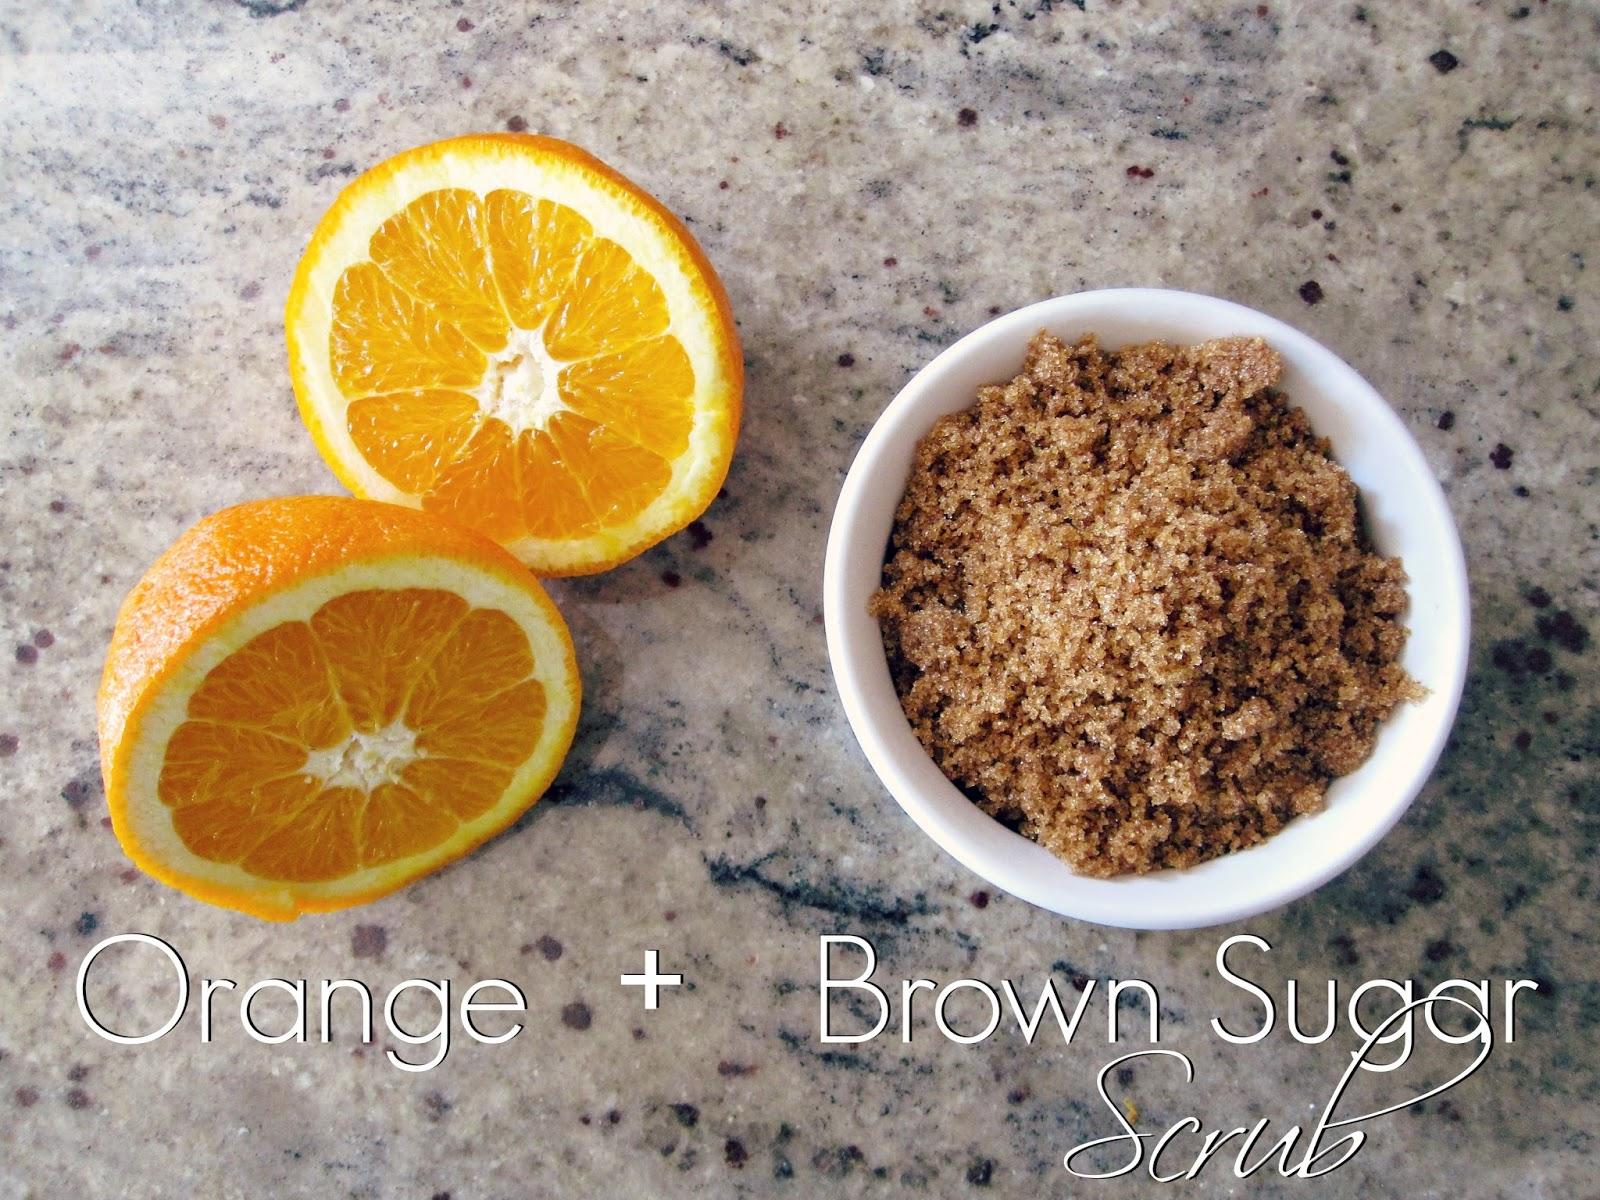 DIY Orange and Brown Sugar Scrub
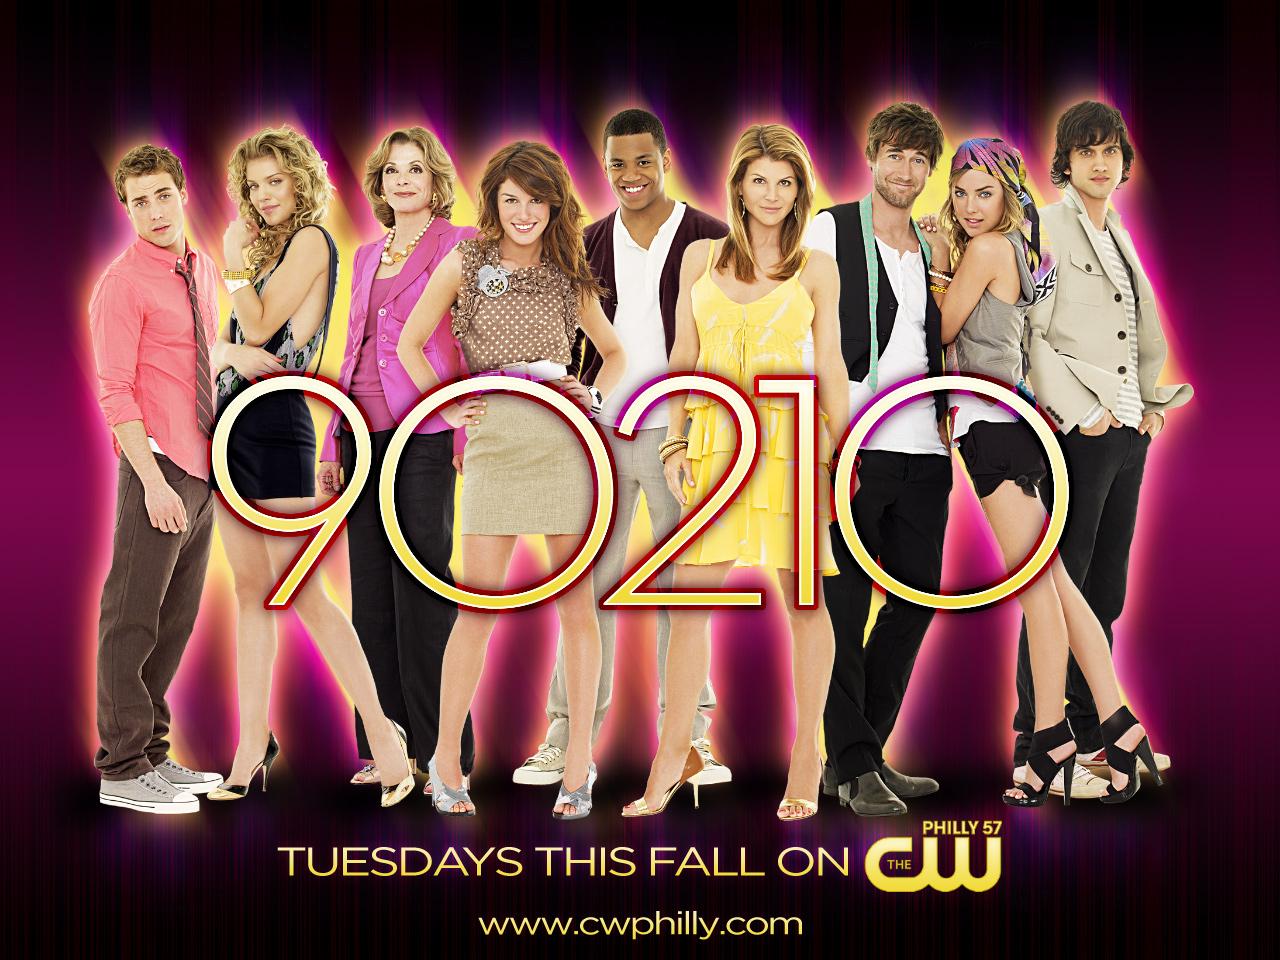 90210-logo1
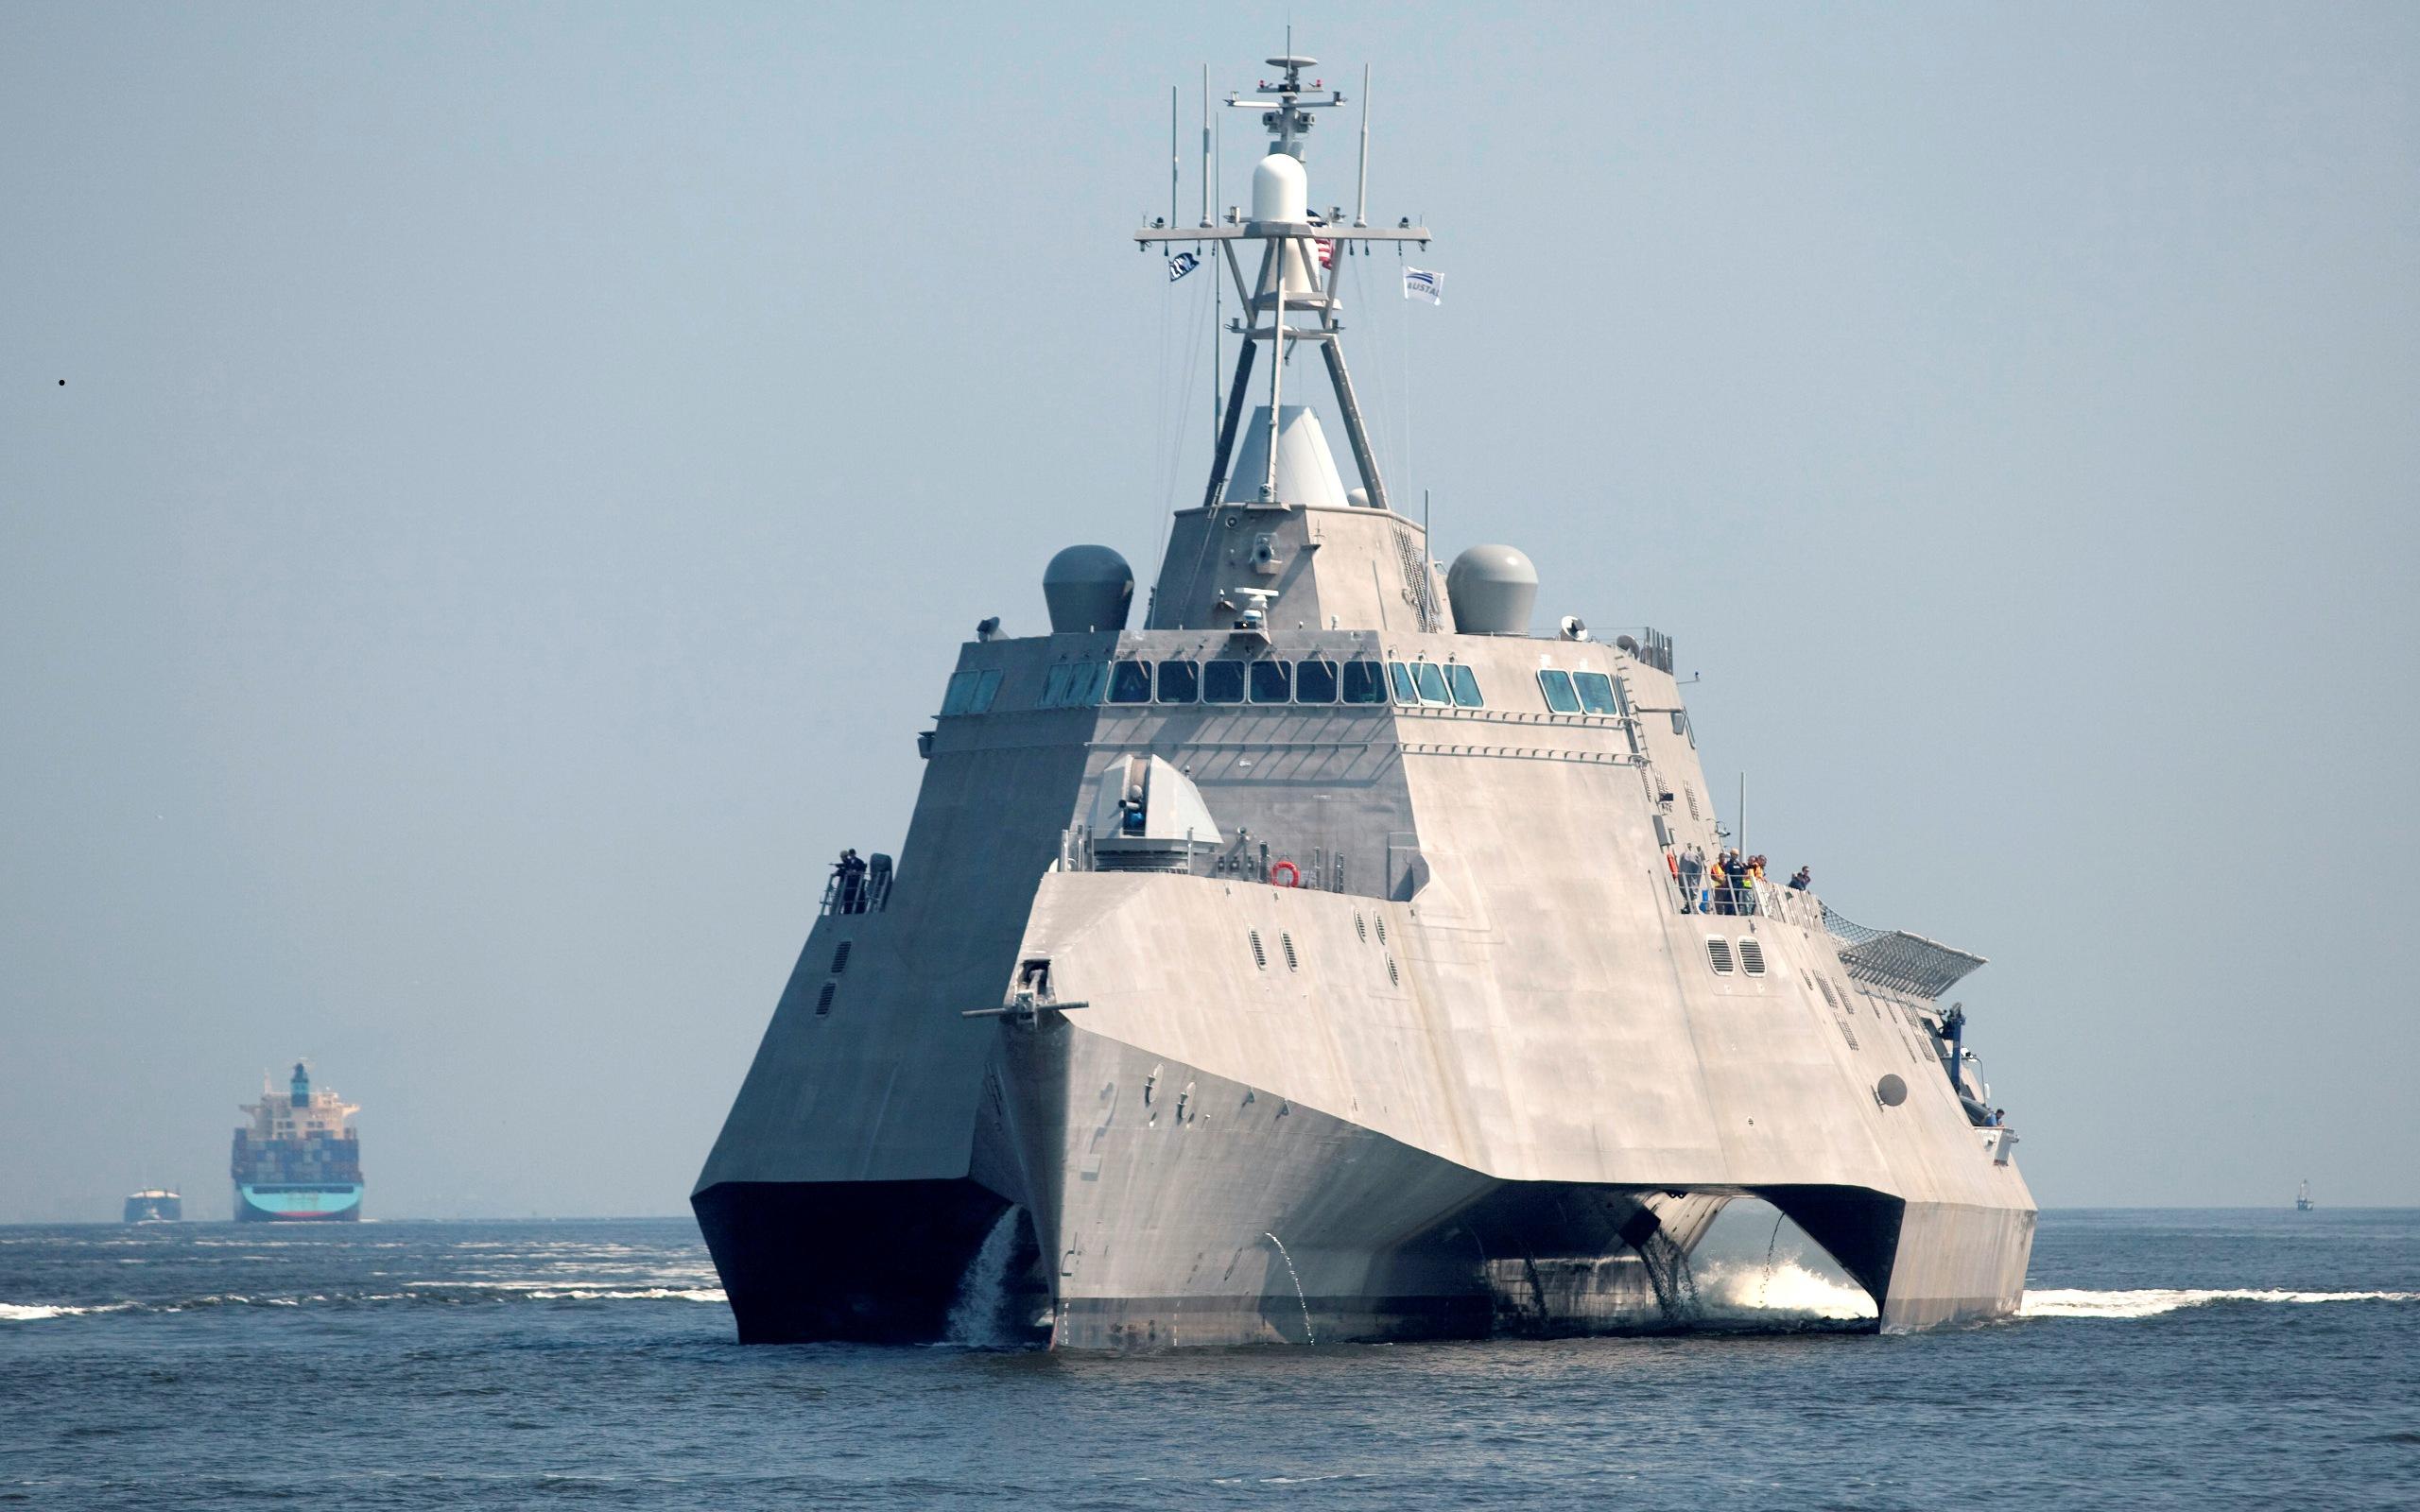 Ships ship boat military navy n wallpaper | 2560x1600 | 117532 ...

* * * * * * *

**Work task**
Output the listing above in full and exactly, with pictures excluded.

**Response area**
 DIY Orange and Brown Sugar Scrub
 90210-logo1
 Ships ship boat military navy n wallpaper | 2560x1600 | 117532 ...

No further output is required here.